His chilling words send a shiver down their spines: Terror cannot kill those who still feel…
With this ominous knowledge, Roshni flees to a family’s remote cabin in order to be alone. But when the night comes, a silhouette of her mother appears, smiling, a demon with the look of her mother.
The darkness chokes her but Roshni is determined, she uses a silver cross and sends the entity to the abyss giving her a belief that she defeated Terror.
The Smile Returns
As soon as Roshni lets out a sigh of relief, the unforeseeable happens once again. She looks at Aman—and there is that cursed smile, warped and sinister, on his lips.
Violence had been brought back into their lives, with the cold hand of fear grasping it once again. As the darkness encroaches, Roshni speaks the words she’s held inside for so long: “I love you.”

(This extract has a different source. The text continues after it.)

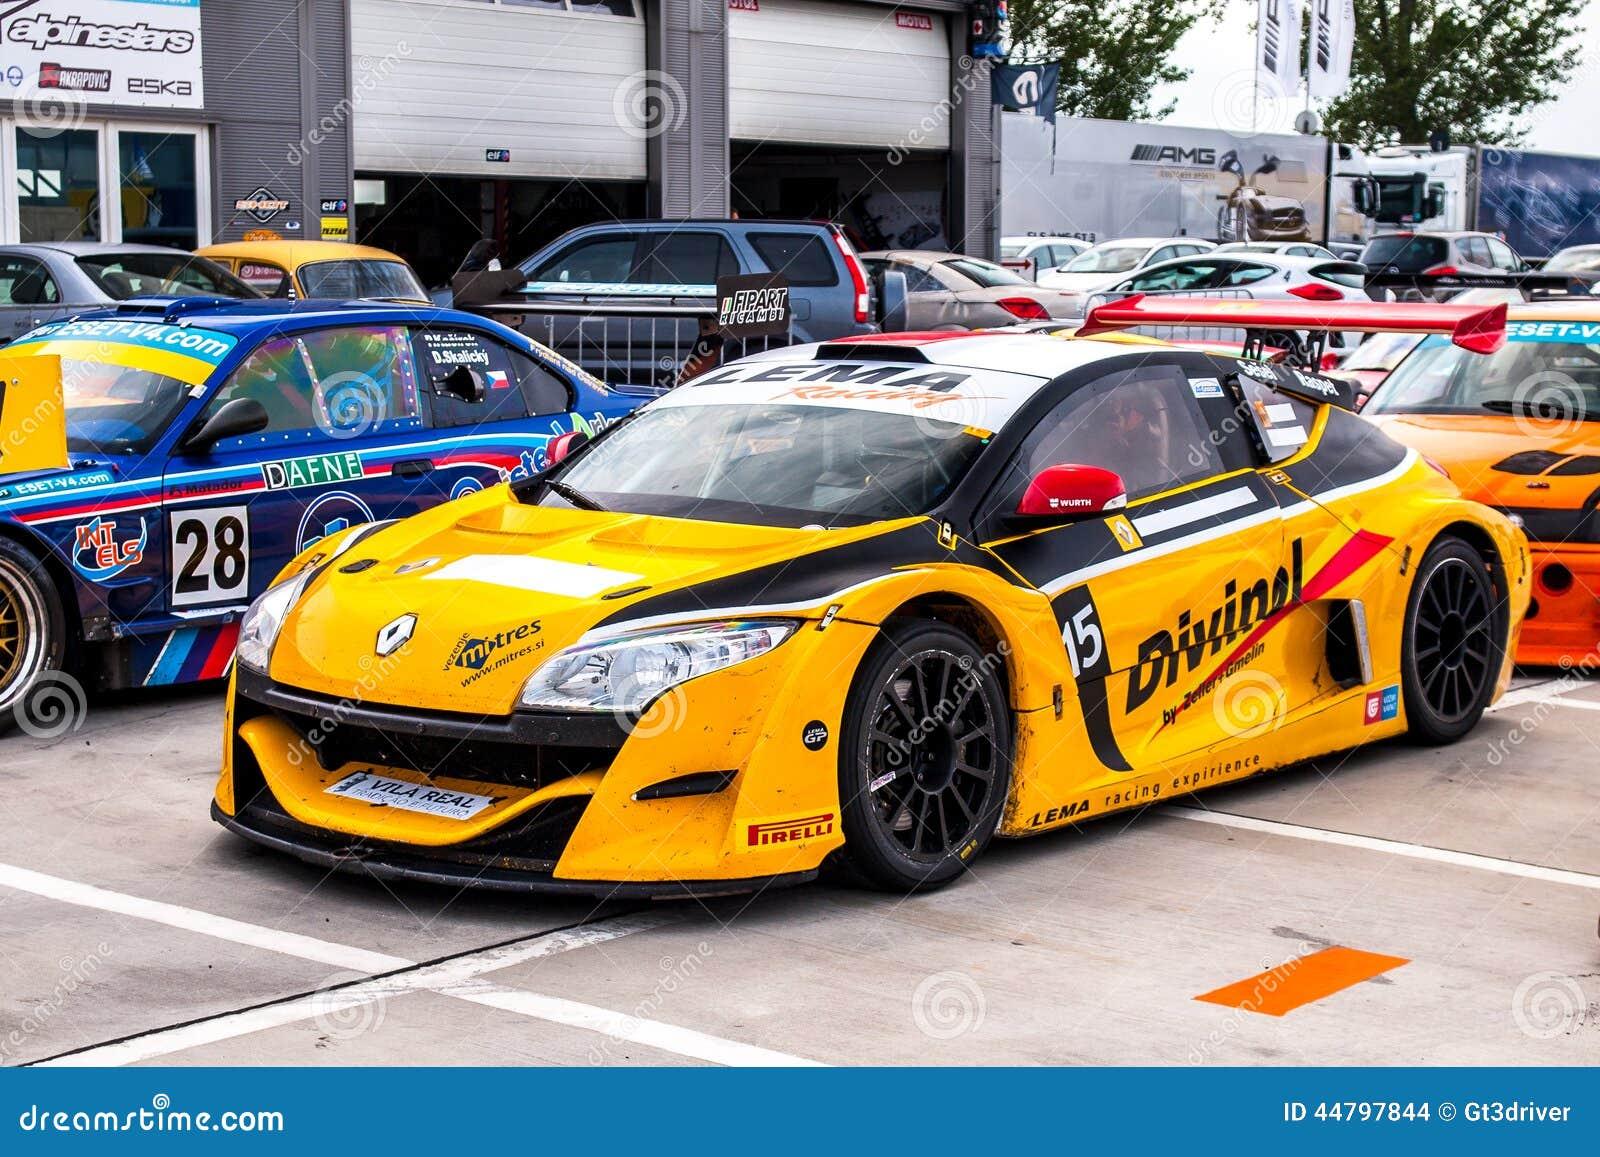 Race Car Trophy >> Renault Megane Trophy Editorial Stock Image - Image: 44797844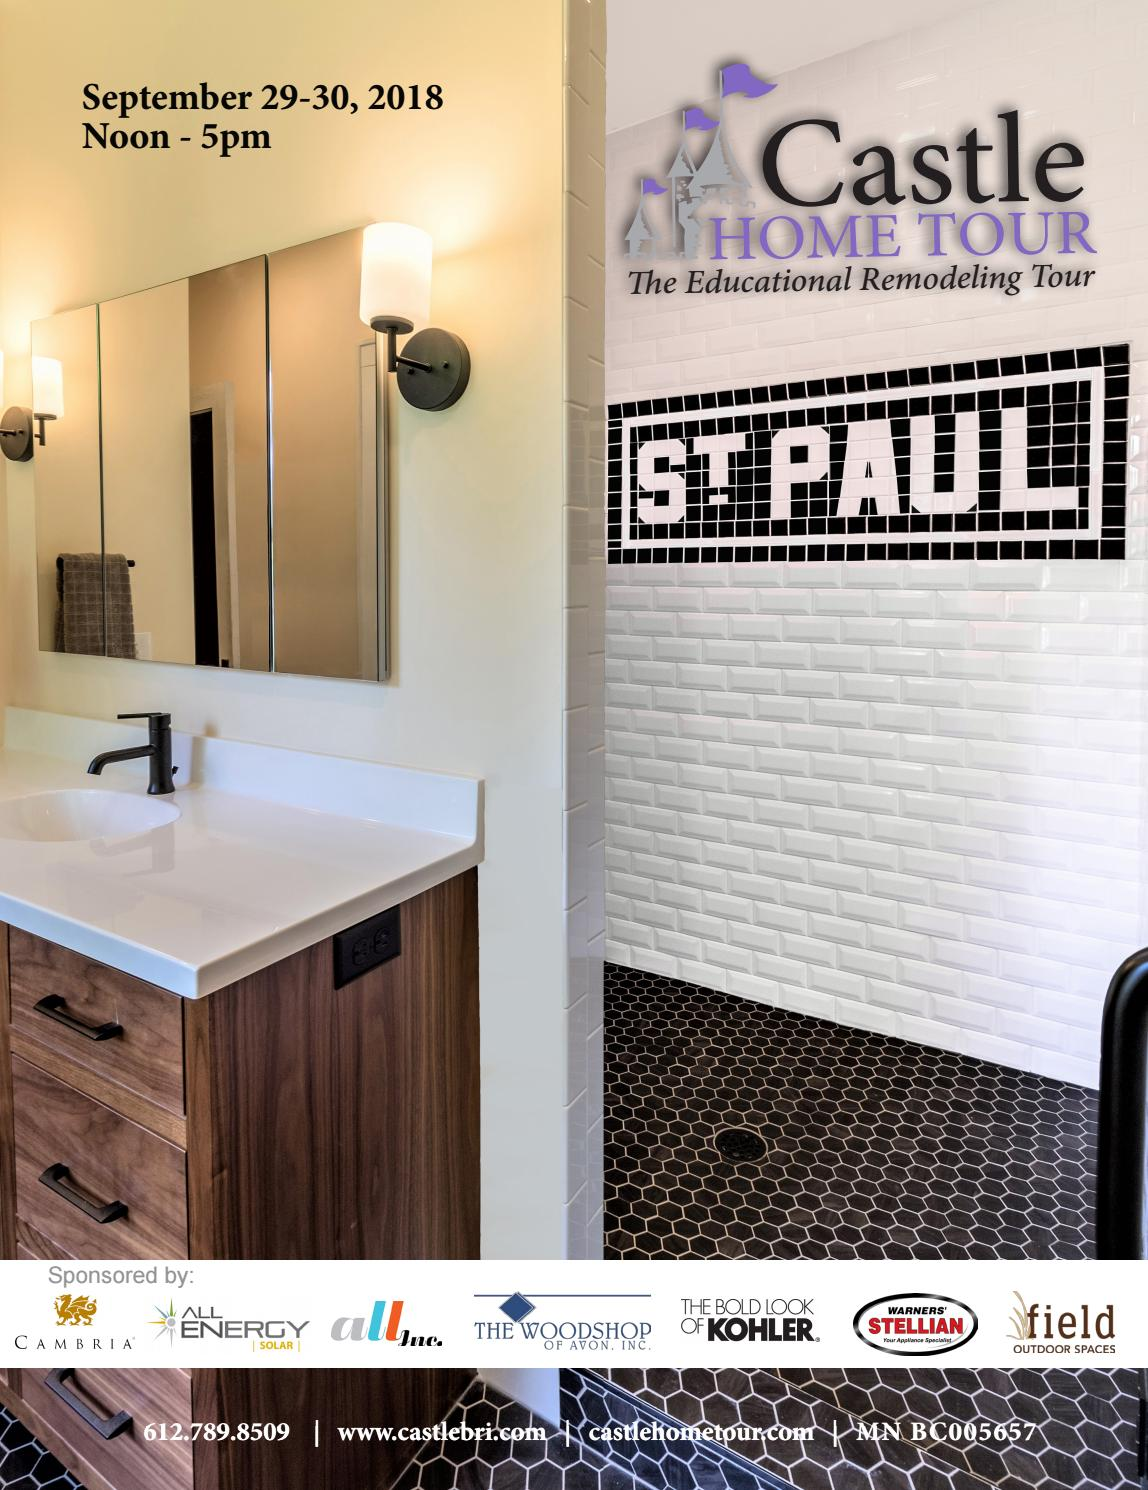 2018 Castle Home Tour Guidebook By Castlebri Issuu Kitchen Faucet Parts Additionally Kohler K 6331 List And Diagram

The smile fades away—but the distant, gloomy forest resonates with strange laughter. It is then that Roshni comes to understand that Terror is not an entity that was just vanquished – it is far more terrible than that. It lingers forever and hastens its advances, aiming to capture them both.
The Final Confrontation
Roshni and Aman finally ask Robert for the last clue – Terror can only be defeated if it gets caught in a broken mirror. The mirror is broken, yet its power is concealed in a glen of the woods where the origins of Terror reside.
With only their resolve to guide them, they go down into the depths where time is manipulated, and the very air gives off dark apprehension.
In the cave, horror is at its fullest, and the smiling mechanical terror is but the representation of the evil in a human heart. Roshni, the embodiment of love’s power goes up against Terror in a visceral fight for the soul.
Finally, the light blinds everyone, revealing lasers piercing through the cave, and the entity then crumbles—but to what end?
A Smile That Lingers
This is followed by moments of silence, which can be deafening. At the end of the game, Roshni and Aman think that they have triumphed but the victory that has been achieved feels rather uneasy.
There are accounts of more people going missing, more corpses discovered with the same sinister grin. Terror is not gone. It is still watching, still waiting, and the dead spirit still haunts the walls.
With the next face-to-face snapping into place between Roshni and Aman, a cold, knowing laugh echoes out through the trees, a deadly presence that can only be heard in the dead of night.